烟花的事情在热搜上闹了几天, 人人都在猜到底是谁的手笔,但公务繁忙的裴总和霍总没工夫关心这些事。
霍应汀和北城吕家已经斗到了最关键的时候,忙得脚不沾地, 整个人眉宇之间也有了些沉意, 但他什么都没说,只从霍家人里挑了几个跟在裴煦身边保护着;而裴煦这边陆执手脚麻利,新公司的前期流程已经开始走, 但缺人手,霍应汀大手一挥,直接把李诉派了过来。
在裴煦的地盘, 当了几个月学生的陆执终于农奴翻身把歌唱,指使李诉和指使下人一样,剥削的模样一览无遗。
裴煦整理着手上的文件,问陆执:“我都要开始怀疑你平时在公司是不是也是这么剥削Ann的了?”
“怎么会!咱们六十八楼都把Ann当女儿!”
“上班还能上出亲人来了,厉害。”
陆执嘿嘿一笑:“裴总, Ann说,她也想跟着您离开裴氏。”
裴煦动作一顿。
他走后裴氏势必撑不久,大厦将倾, 有人要走也是正常,但......
“我这边什么都要从头开始, 而且业务也和裴氏不一样,她过来肯定没有留在裴氏舒服。”
“Ann都知道, 小姑娘只是想跟着您而已。”陆执说。
裴煦是一个很好的上司。
“......”裴煦没什么好说的了,“她工作能力强,我自然不会拒绝人才, 你看着办就行。”
陆执点头应下。
裴煦无意在和裴氏的业务搭上关系,也不想再和霍应汀做对手, 所以挑选的新赛道领域跨度有些大。
他打算投资娱乐圈,从投资电影开始。
裴煦对自己的能力很有信心,但涉及新领域,难免还是会有些问题,陆执这几天到处跑已经很累,好在还有李诉这几天一直帮着他。
裴煦正要拿着份文件过去和他商讨,余光又看到了门口站着的几个保镖。
他皱了皱眉,放下文件,问:“霍应汀身边有人跟着保护吗?”
李诉沉静:“有的,裴总。
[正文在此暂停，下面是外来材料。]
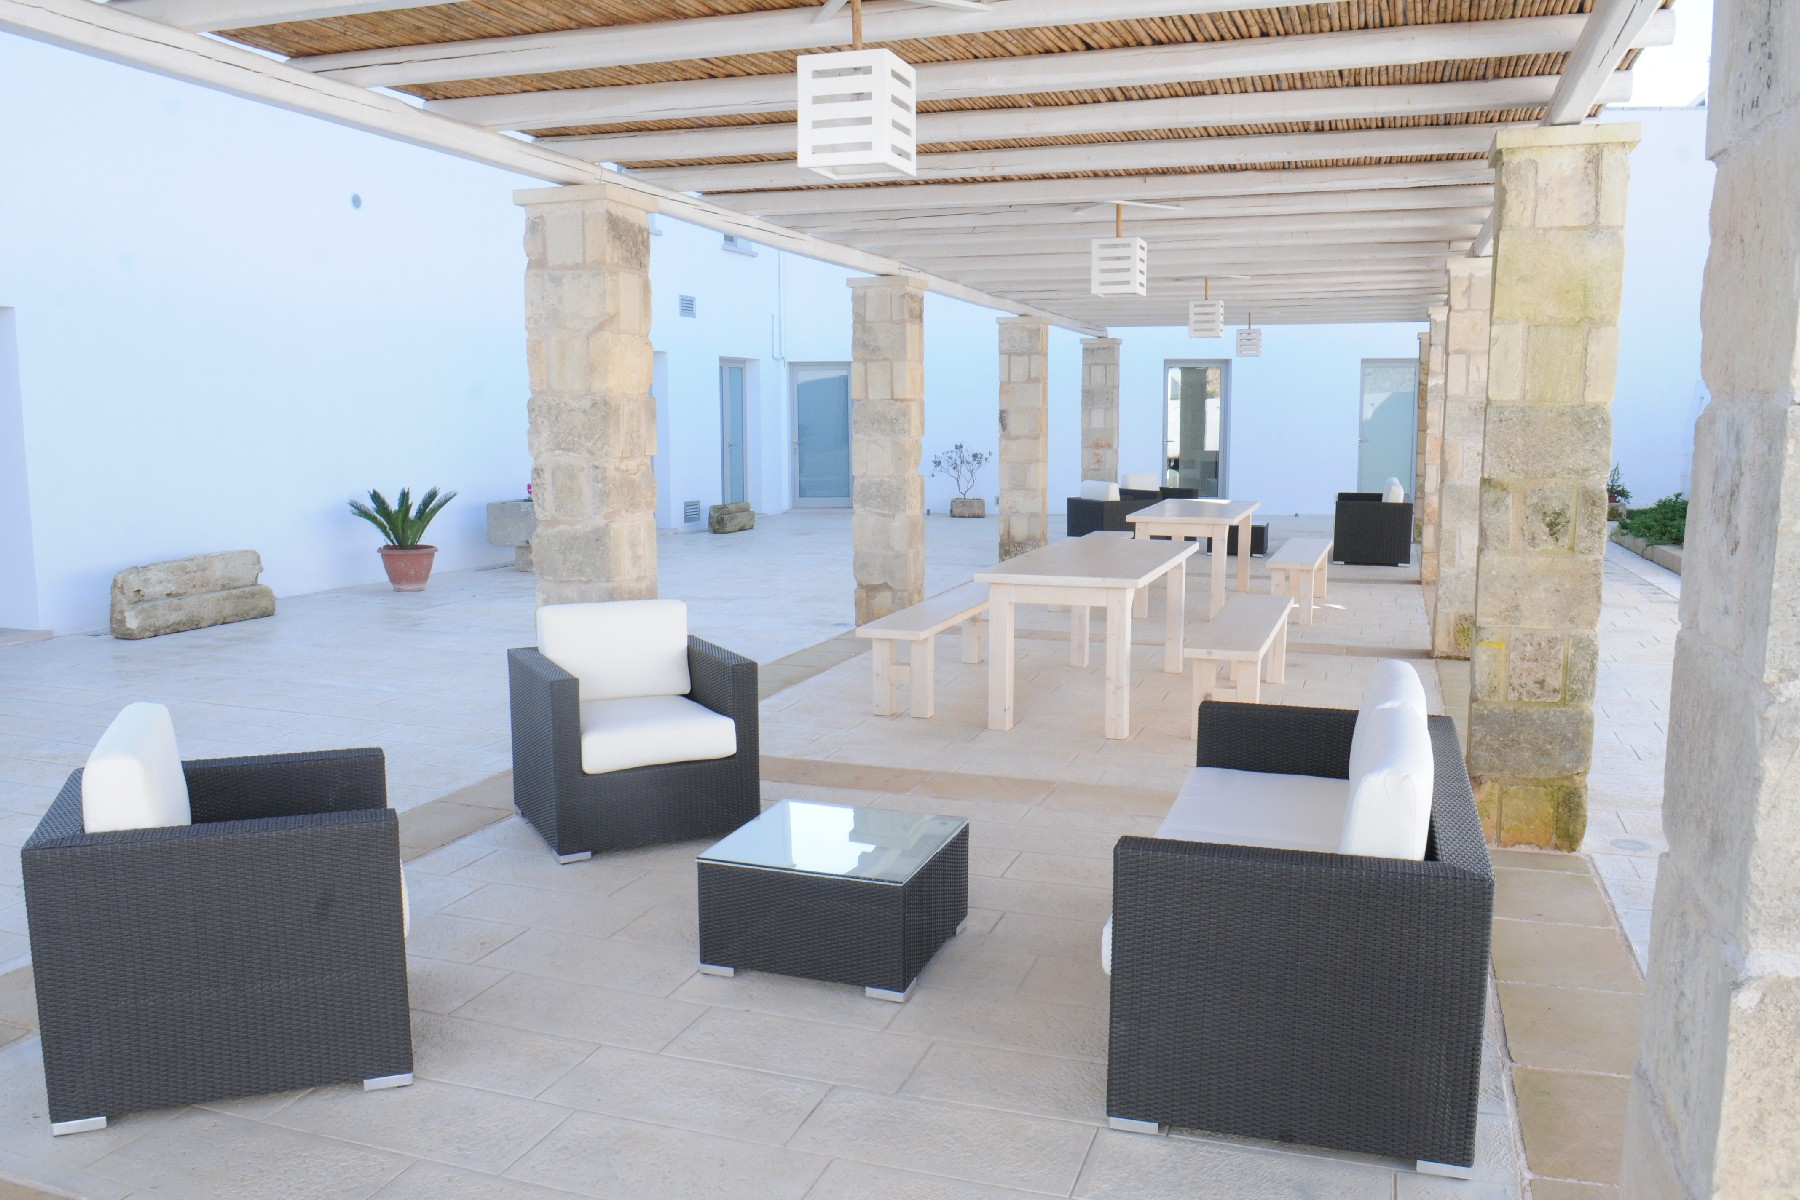 Villa in Vendita a Martano: 5 locali, 850 mq - Foto 8
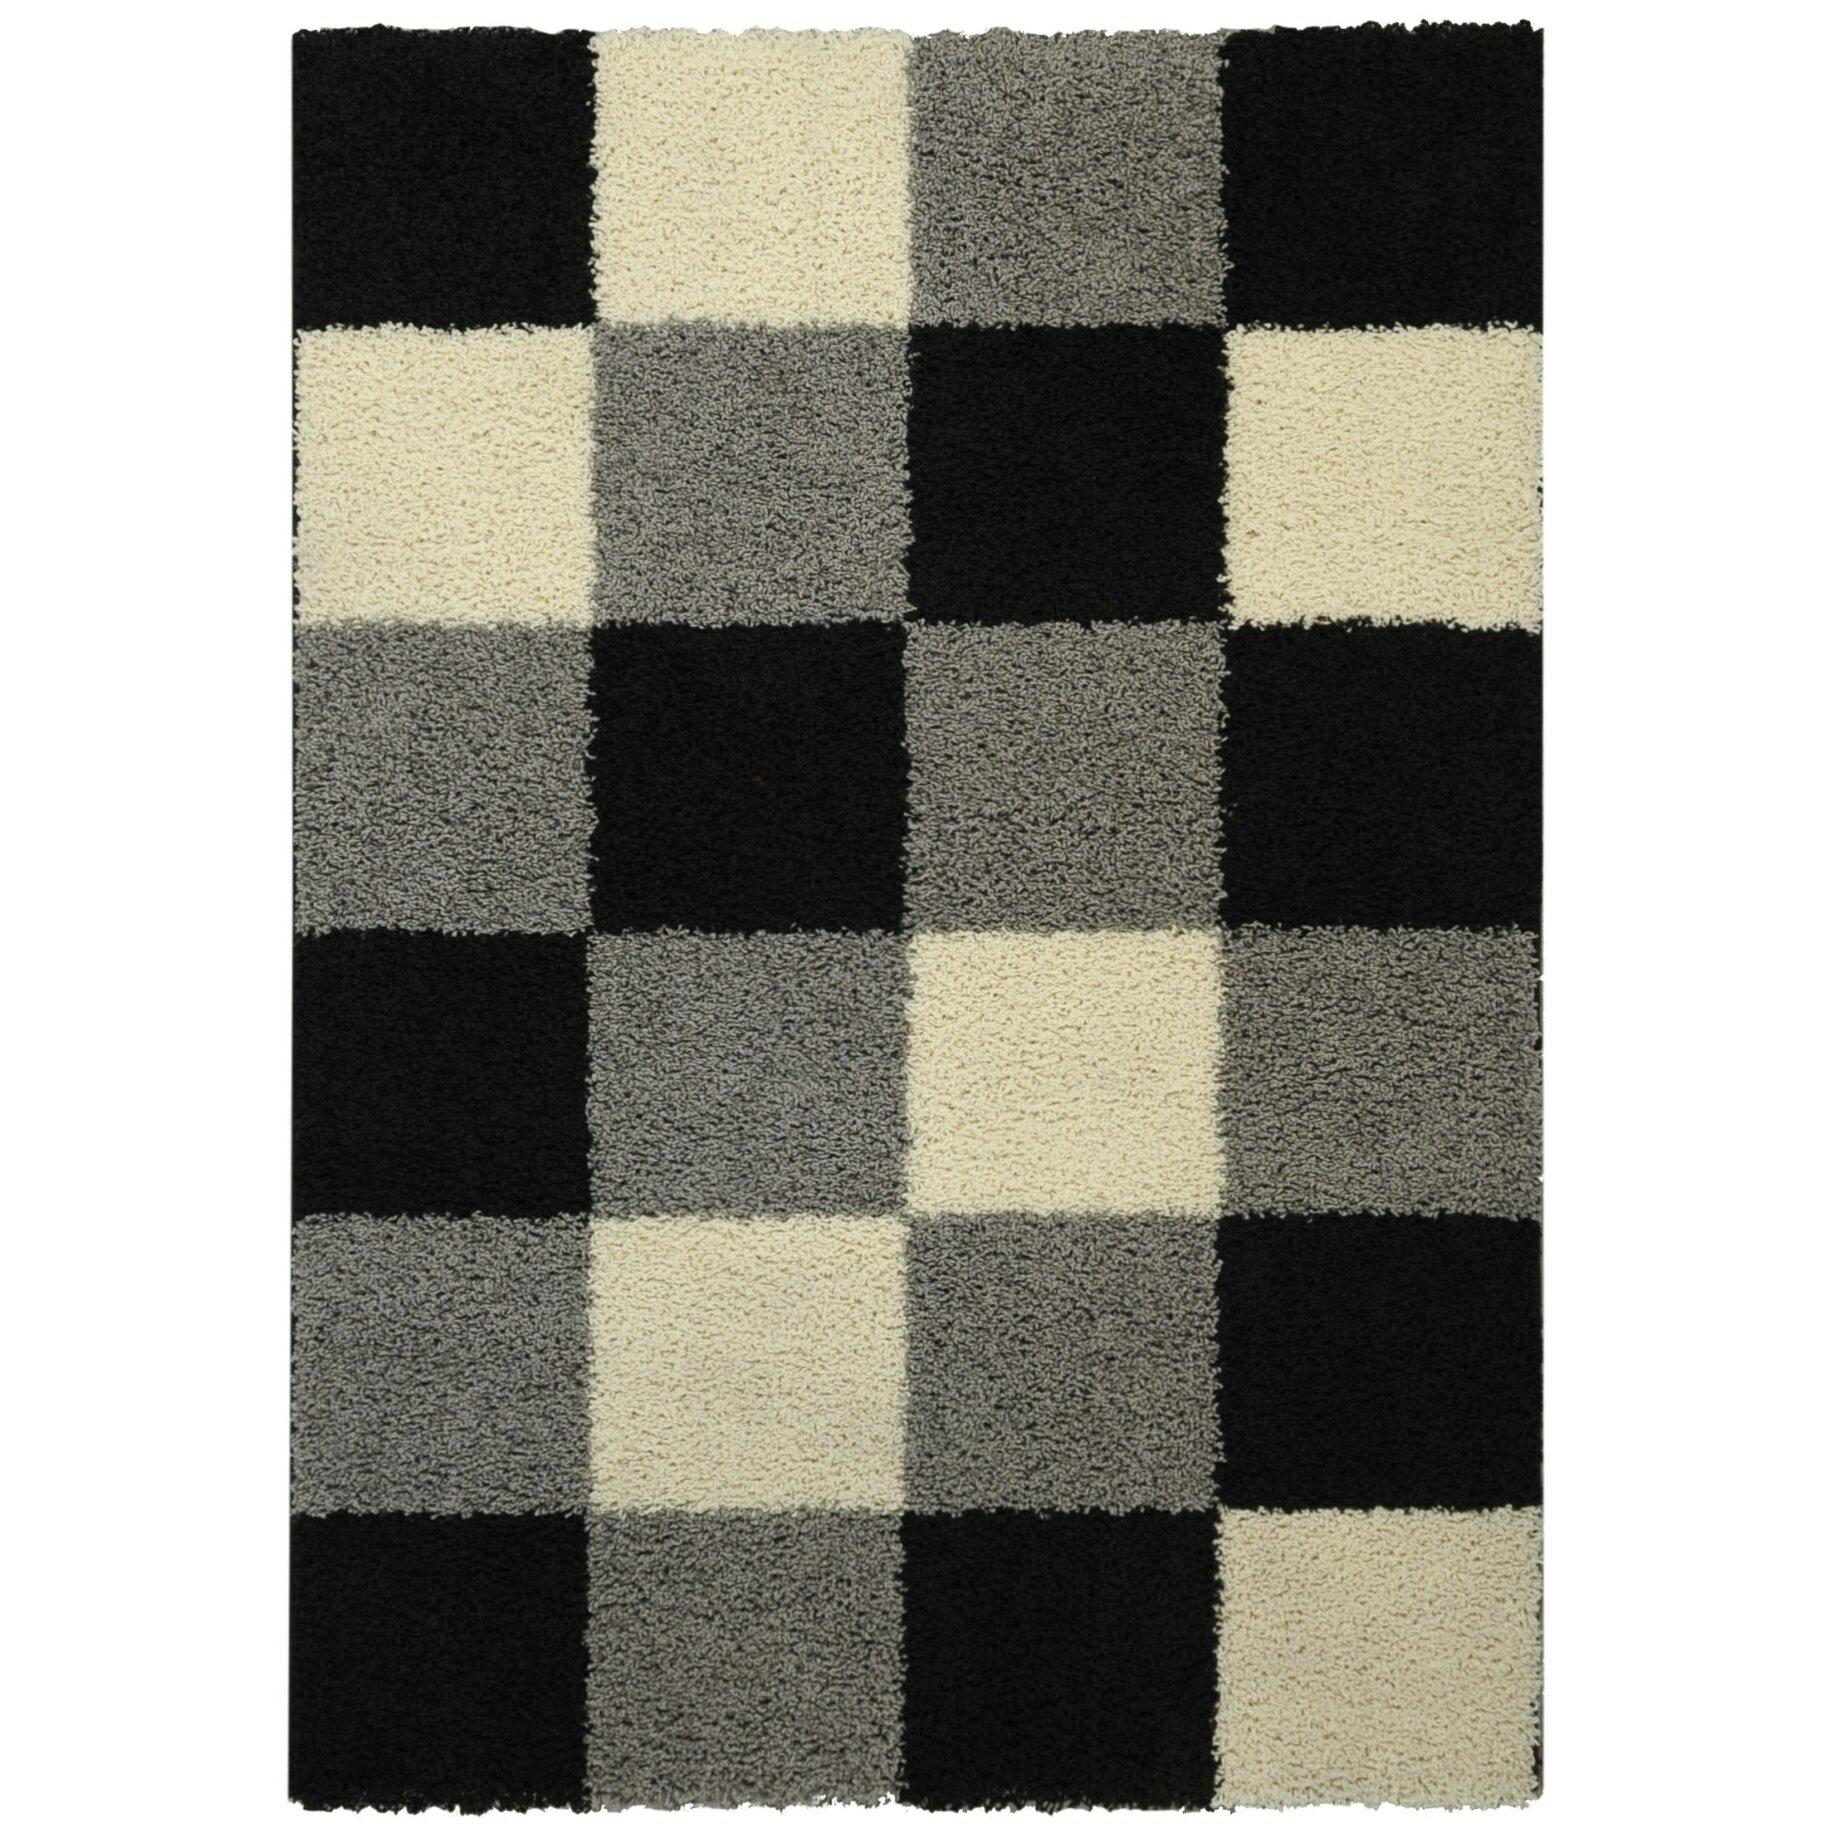 Rugnur bella maxy home checkerboard squares contemporary black grey shag area rug reviews - Checkerboard area rug ...

”
只是没有裴煦身边那么多。
吕家这么多年的基业也不是盖的,斗成这样,两家都已经动用了一些势力,这几天裴煦身边早就已经24h保镖不离身,出行至少三辆车随行。
但裴煦更担心的肯定是霍应汀。
裴煦叹了口气,知道自从那瓶酒从吕谨言头上砸下去之后,这些事情就是无可避免的了,他只能和霍应汀一起面对。
但有时候还是会懊悔,后悔把霍应汀卷进来。
他真的很怕霍应汀因为他出什么事。
“裴总。”李诉把刚刚收到的信息告诉裴煦,“吕家在M国也有留着些势力,有些事宜霍总需要过去一趟。”
裴煦皱眉:“非去不可?”
“是,霍总刚刚已经确定行程。”
“什么时候?”
“三天后。”
“去多久?”
“一周左右。”
裴煦沉默了。
M国不比华国,从治安到各种违禁品的管控都是,再加上他是去处理吕家的事的,霍应汀这个时候过去,裴煦很难不担心。
“多挑几个人带着。”裴煦顿了顿,“你跟着去,我这边可以应付。”
“霍总的意思是,让我留下来保护您。”
“不用。”裴煦很强硬地拒绝,“M国有多危险你也清楚,你跟着霍应汀最久,和他有默契,别人跟着他我不放心。”
李诉沉默了。
因为裴煦说的没错。
“你跟着他,如果他忙没时间看信息,你就替他给我发邮件,记住一天至少一封报平安,每天十点前,一旦出现变故,我这边就开始动手。”
“您......”
这段时间一直都是霍应汀在安排吕家的事,裴煦几乎没参与过,乍然听到裴煦说“动手”,李诉才意识到,面前的这个男人并不是什么都不做,只是他相信霍应汀,所以不插手而已。
李诉看着他凝重的眼神,毫不怀疑他说的动手两个字里涵盖的腥风血雨的信息。
“一周之后,我要在机场接到人。”
裴煦对他说。
“是。”
李诉郑重应下。
*
三天后,宁市T1出发口,霍应汀摘下墨镜,在进入安检前俯身吻了裴煦。
“等我回来。”
裴煦抬手给他理了理领子:“最多一周,每天给我发消息,太忙就让李诉和我说。”
“嗯。”霍应汀目光紧凝着他,好像要在这仅剩的几分钟里把人再在心底描摹一边,“肖家和洛家最近手脚不干净,你身边随时都要有人跟着。有事就去找我爸,Leo也留在国内,实在不行还有贺重春他们,你别自己——”
“放心,我知道。”裴煦捏了捏他的手,“你照顾好自己。”
霍应汀伸手抚过他眼下的痣:“今年夏天的梅雨没有打雷。”
霍应汀一直等待着那个下午在医院里和裴煦一起做下的约定——等到下一次打雷,裴煦就告诉他一切。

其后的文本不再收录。